April 14 (Bloomberg) -- Borders Group Inc. needs to change its executive bonus plan, a judge said, after a lawyer for creditors said the bankrupt book seller wants to pay key managers to stay while it considers a sale or reorganization.
Bruce Buechler, a lawyer for unsecured creditors, told U.S. Bankruptcy Judge Martin Glenn that the bonus plan was revised today so the five top executives, including Chief Executive Officer Mike Edwards and Chief Financial Officer Scott Henry, would be paid based on how much they recover for creditors under a sale or restructuring by Aug. 15.
“As we look at running a sales process -- selling all the debtors’ assets or infusing equity into the company instead of just a stand-alone plan, we need management not just to be there, but to be cheerleaders or affirmative spokespeople for the company,” Buechler said at a court hearing in Manhattan.
Glenn said the revised plan needs work and he told lawyers to negotiate with the U.S. Trustee in the hall outside his courtroom. The U.S. Trustee, a bankruptcy watchdog for the Justice Department, said the bonuses were premature since Borders has only been in bankruptcy two months and hasn’t shown how it will reorganize or pay unsecured creditors.

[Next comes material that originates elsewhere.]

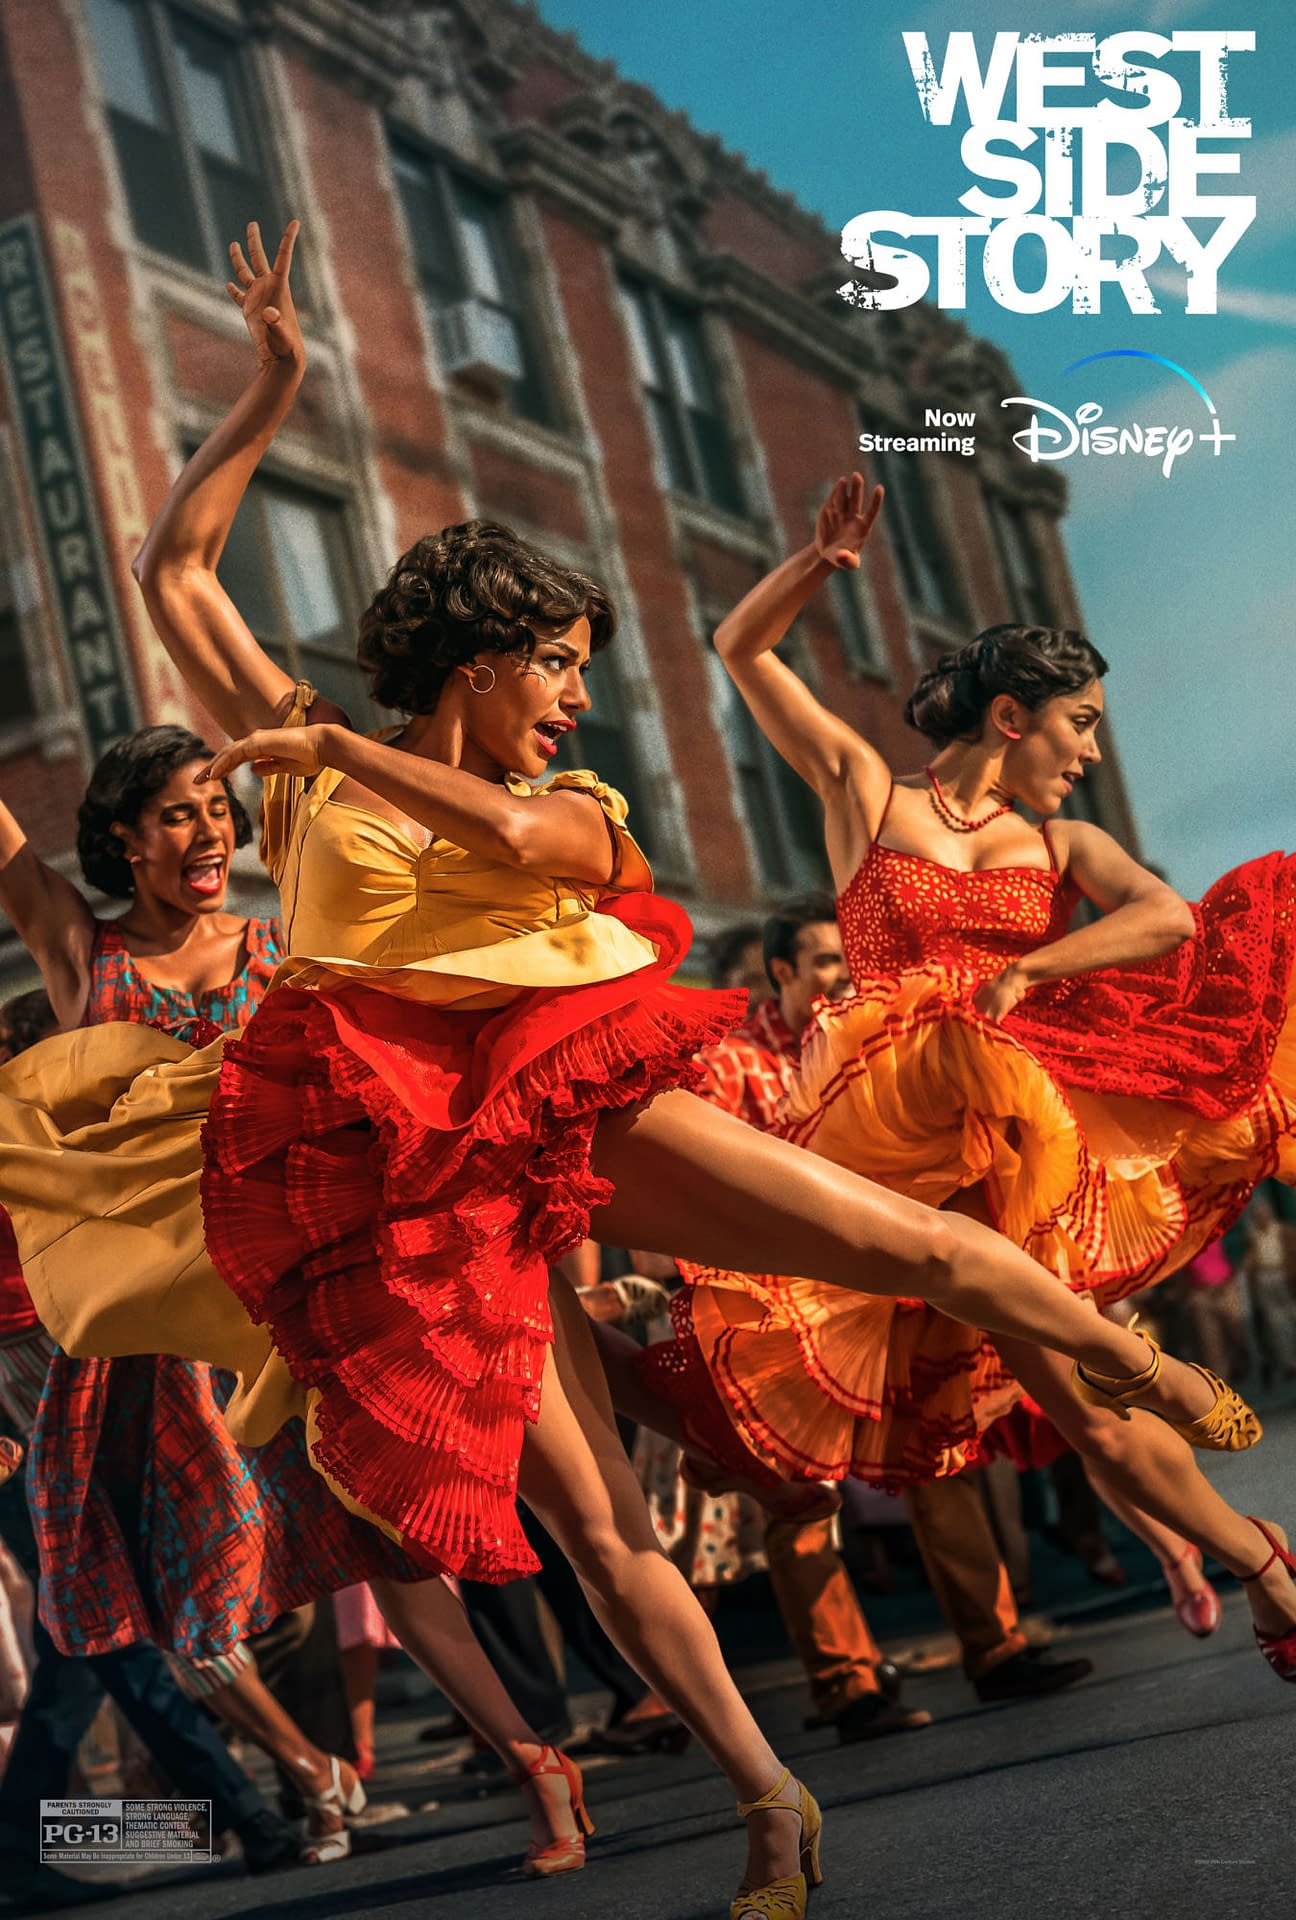 West Side Story Is Now Streaming on Disney+, 2 New Posters

“If this business goes down the toilet bowl, there are a lot of full or part-time employees who face the prospect of going out of work,” Glenn said.
“We look forward to meeting with the U.S. Trustee to demonstrate to them that this proposed program is in the best interest of Borders, its creditors and other stakeholders,” Jeremy Fielding, a company spokesman, said in a statement. “Our objective is to create value to benefit the creditors and all of the company’s stakeholders, so that Borders can exit Chapter 11 in short order.”
Fielding declined to comment further on the progress of any sales talks.
Borders, the second-largest book chain after Barnes & Noble Inc., filed for bankruptcy in February and has since begun winding down about 225 stores. A bonus plan should be implemented quickly, said John Dempsey, a partner at Mercer Inc., a compensation consultant for Borders. The company’s annual revenue upon leaving court protection may drop to $1.5 billion from its pre-bankruptcy level of about $2.3 billion, according to court papers.
“Based on my experience, retailers have to move on a faster track than other debtors in order to survive Chapter 11 and avoid a liquidation,” Dempsey said.
Buechler told Glenn that the revised plan for the top five executives proposed giving them $4.9 million at most if they return more than $95 million to unsecured creditors. They could get $1.8 million if $73 million is recovered. The amounts apply if a plan is confirmed or the company is sold by Aug. 15.
Glenn said Borders should include a scenario where less than $73 million is recovered.
Borders said in court papers filed before today’s hearing that bonuses for a broader group had been scaled back to a maximum of $6.6 million for 15 executives, rather than $7.1 million for 17 executives, because a senior vice president and vice president left in the 2 1/2 weeks since it filed its bonus request.
“The more employees the debtors lose, the harder the debtors’ senior management and director-level employees must work to compensate,” Borders’s lawyers wrote.
The case is In re Borders Group Inc., 11-10614, U.S. Bankruptcy Court, Southern District of New York (Manhattan).